Secondly, I know there are a million variables, but if you have any insight on whether we should be at the boundaries of performance with a single dedicated virtual server with a site of this size, then I would love to hear your opinion. Should we be thinking about moving to a more powerful server, or should we be focused on optimization on the current server?


Answer



strace is a good way to start debugging this kind of problem. Try to strace the pid of one of the Apache processes consuming more CPU:



strace -f -t -o strace.output -p PID



This will show you the system calls made within that process. Take a look at strace.output and see what the process was doing. This might enlighten the way and show you where the process is hanging. The "-t" flag is very important here as it will prefix each line of the strace output with the time of the day. So, search for a leap.



On the other hand and as you think MySQL is probably the culprit, I'd enable the slow query log, take a look at it and try to optimize that queries. More info about the slow query log here.



Also, don't forget to take a look at the logfiles of your webserver.
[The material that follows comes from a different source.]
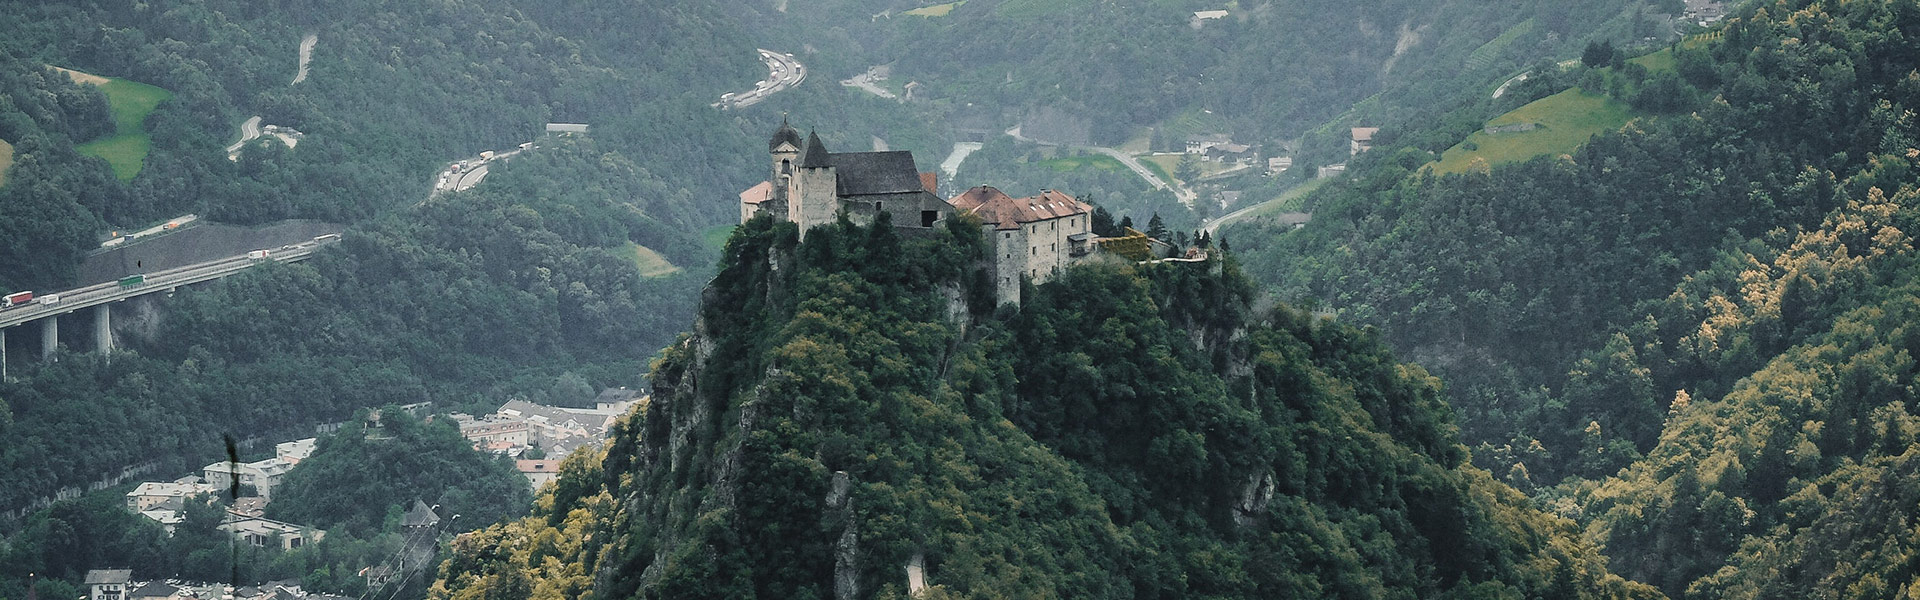 Liechtenstein - um dos países menos visitados do mundo

Regarding your second question, I think it's hard to tell with only this info. Separating the frontend (webserver) from the backend (database) is always a good practice if you have the budget for it. On the other hand, I think that before adding more hardware, one should focus on trying to optimize the performance using the current hardware. Otherwise, the problem is probably just being postponed.




Hope this helps.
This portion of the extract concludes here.